Good point, Julia. In some ways, Sir Bob Kerslake is setting a promising lead. But ultimately I guess I’m arguing that even *with* a champion, maybe scaling up digital engagement will take lots of people and budget, and a rethink of the civil service rules – and those are big asks.

Great blog, and responses.

My experience is more in Local Gov policy-making and engagement rather than Central Gov, and I’m currently in the middle of a Masters research study on attitudes to rational models of policy-making in Local Gov.

I would offer a perspective that most of the academic and ‘professional’ literature on good policy making has tended to focus on process – typically describing good policy making in the form of a life-cycle of some sort. Here we can generally find engagement sprinkled in at different stages of the policy process. All well and good.

And what tends to be underplayed is the role of behaviour. Yet the majority of senior policy-makers that I’ve worked with and interviewed put behaviour ahead of process in terms of importance and impact on the ‘quality’ of policy making.

From a personal perspective I yearn for a rational, process-centered, solution. That’s just they way that I’m wired. And yet I am increasingly of the opinion that process is second-fiddle, and while the behaviour of policy making is left to the oscillations of politics we will continue to struggle with this issue.

So, I offer to you, we can usefully consider how we can model and teach the optimum process(es) and behaviour(s) of better policy-making, and how digital engagement fits into these models.

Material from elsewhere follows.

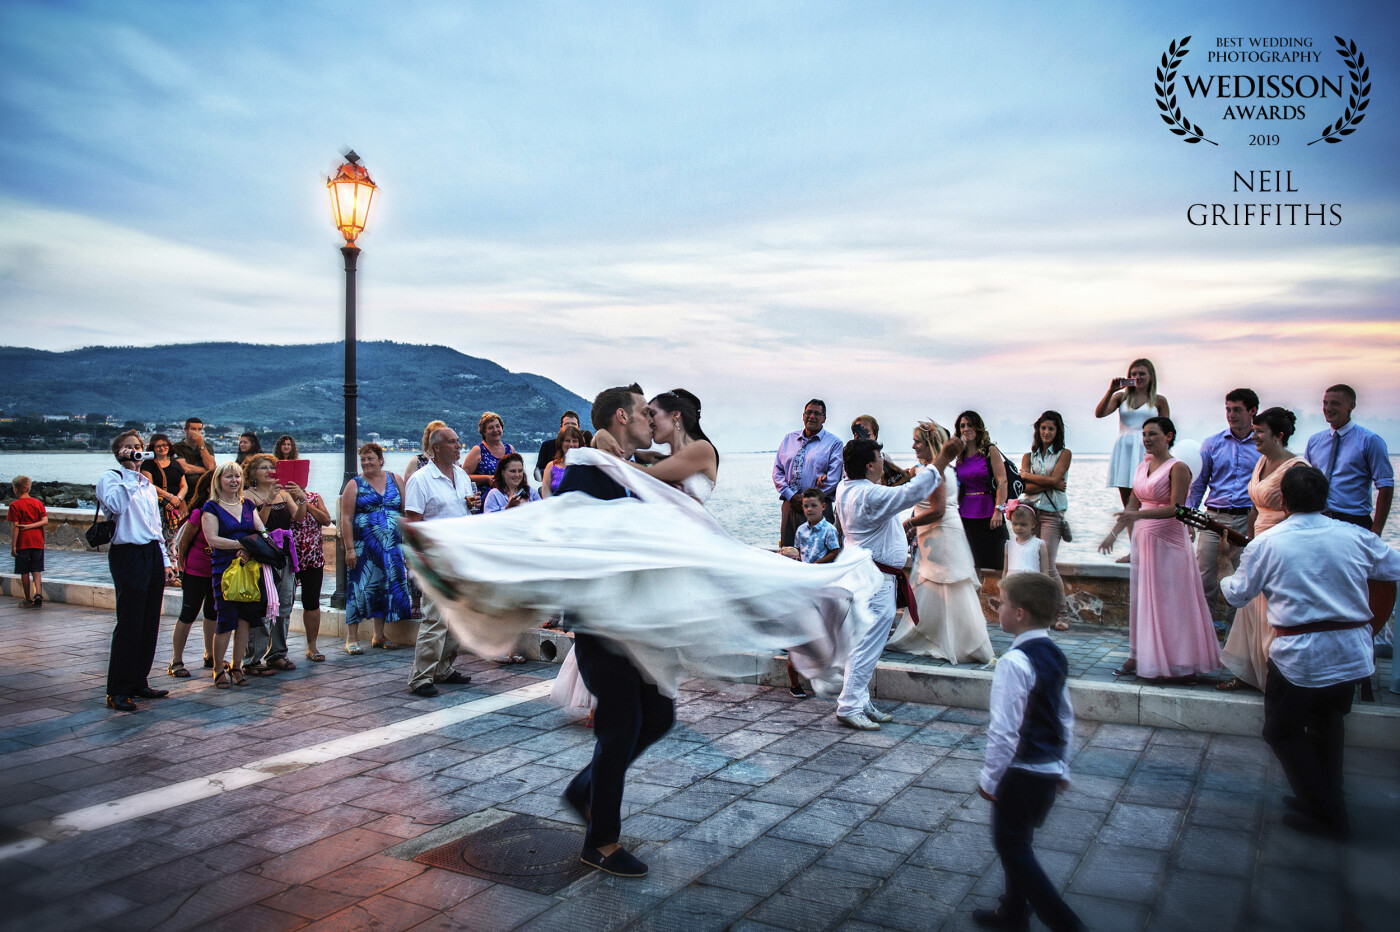 Taken at dusk in a place called Santa Maria Di Castellabate on the Italian coast. Steph and Danny were walking along the coastal path with their guests, when the local musicians broke into a rendition of Dean Martin's 'Amore'. A magical moment, it means a lot to me, because it tells the story of their wedding in one photo. 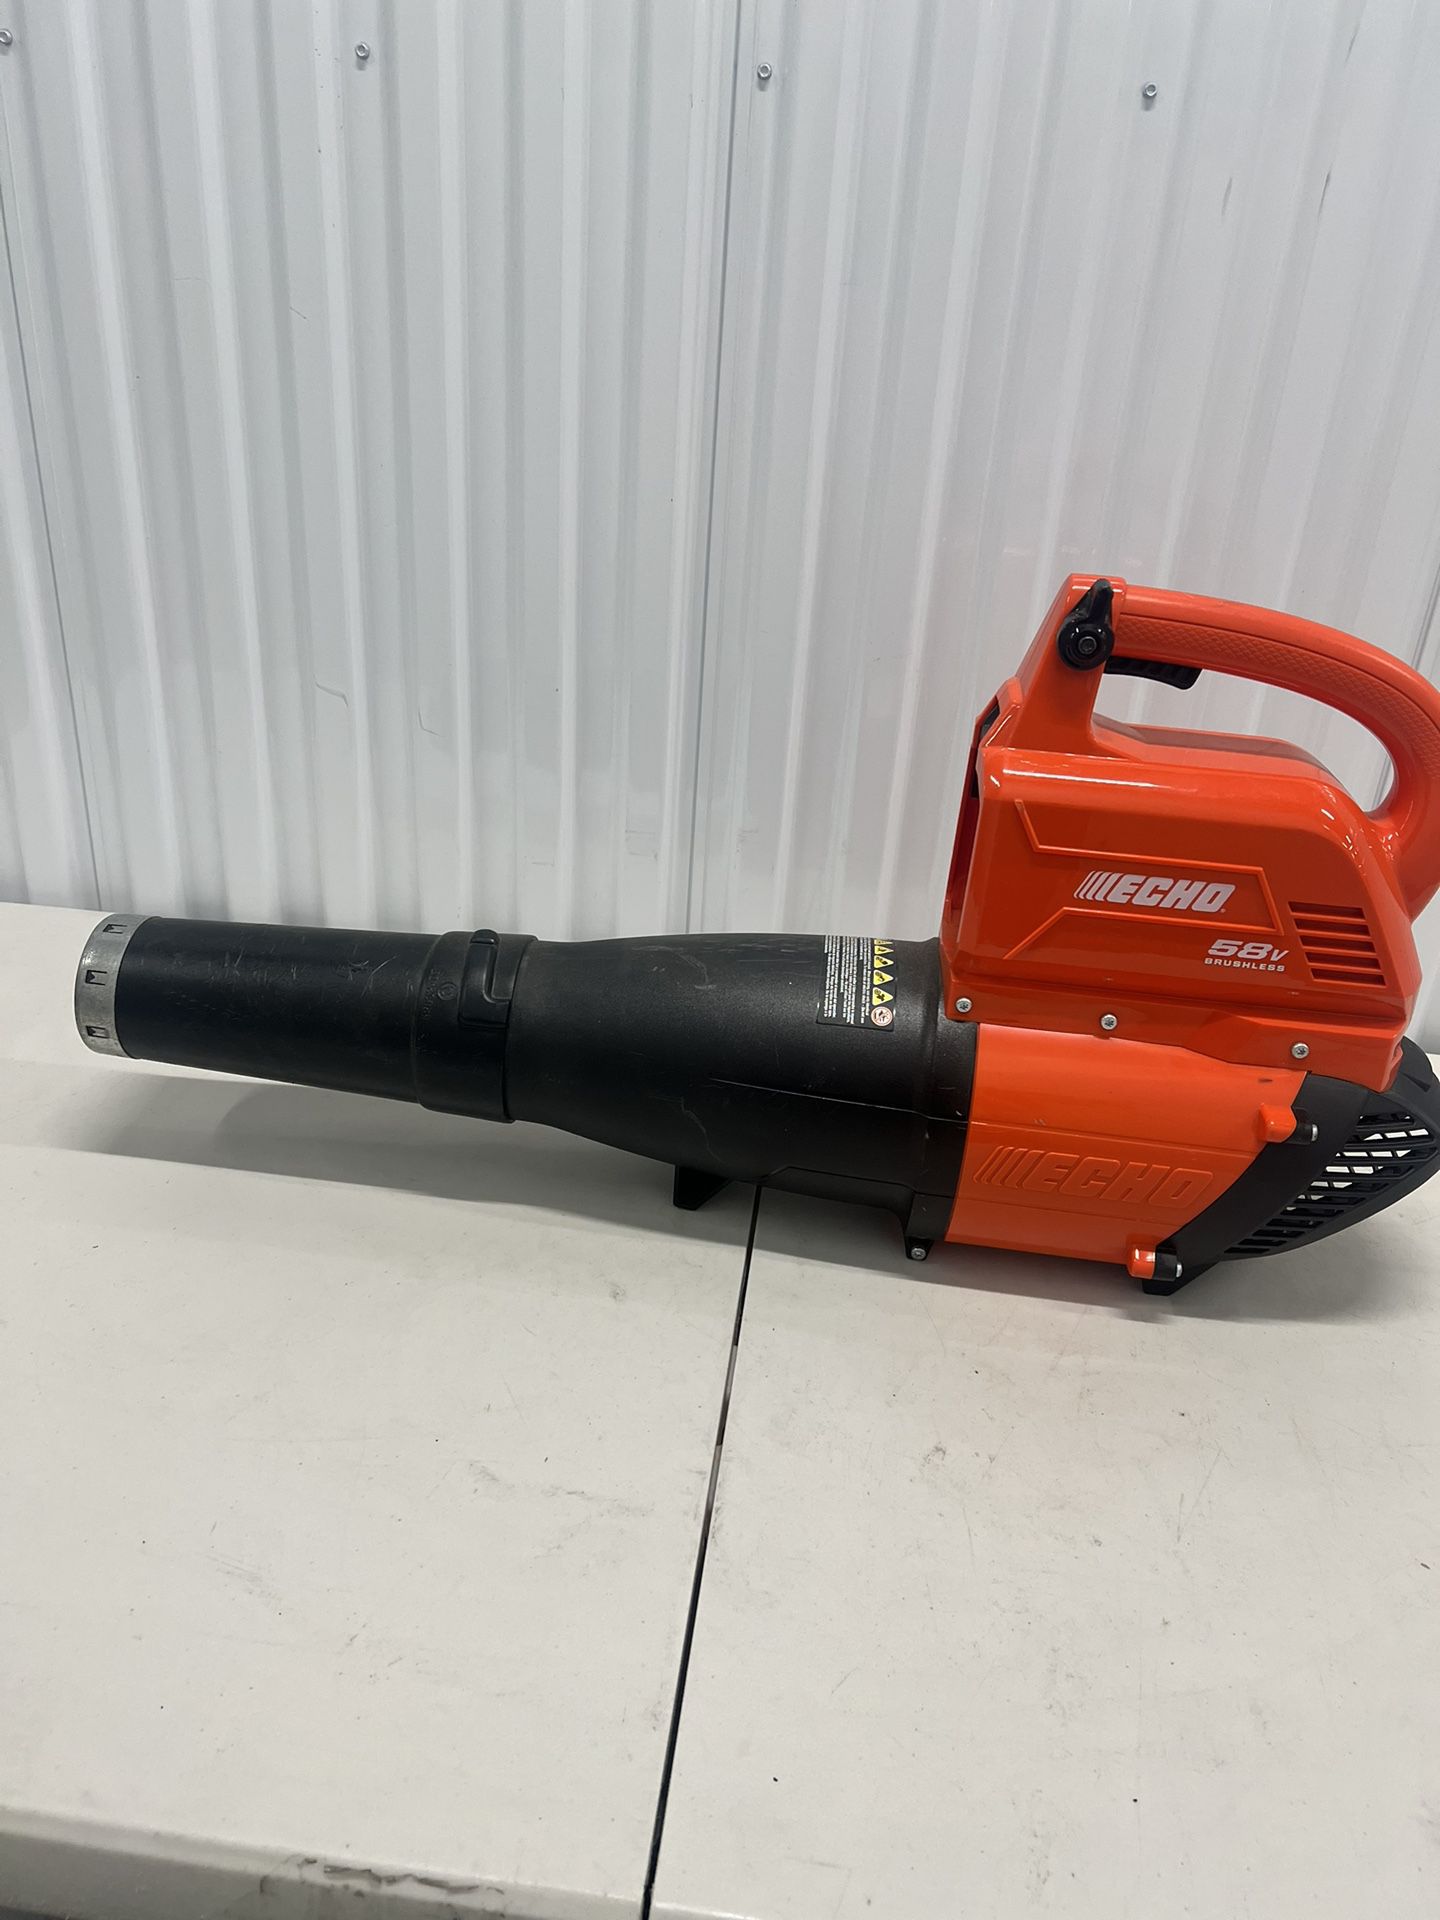 Echo CBL-58V 58 Volt Cordless Leaf Blower NO BATTERY, No Charger. BARE TOOL ONLY. Used in good condition with minor cosmetic blemishes from normal usa

Which leads me to a question for you learned colleagues: how would you describe the optimum behaviours that could enable [an evolution in?] digital engagement as a step towards open, better, policy making?

I absolutely do see a way…

…but it does depend on the people who want to make the change (wherever they are in the organisational hierarchy) starting to think fundamentally differently about how they approach it.

Long story much shortened: change management in government is dominated, it seems to me, by a (Taylorist) mechanical model of management that these days is serving increasingly poorly. I believe we need to think much more organism and a lot less mechanism.

To do things differently of course there will be a need for new policies, new processes, new organisational structures and new people; but the mistake is to focus on creating these. If gardeners want new trees they do not commission tree designers, buy wood for trunks or employ leaf-fixing teams – they look for suitable seedlings, plant them, water them… I won’t go on.

And I don’t think those involved have to do anything particularly courageous – save perhaps in finding ways to keep big-booted managers from trampling the new plantings.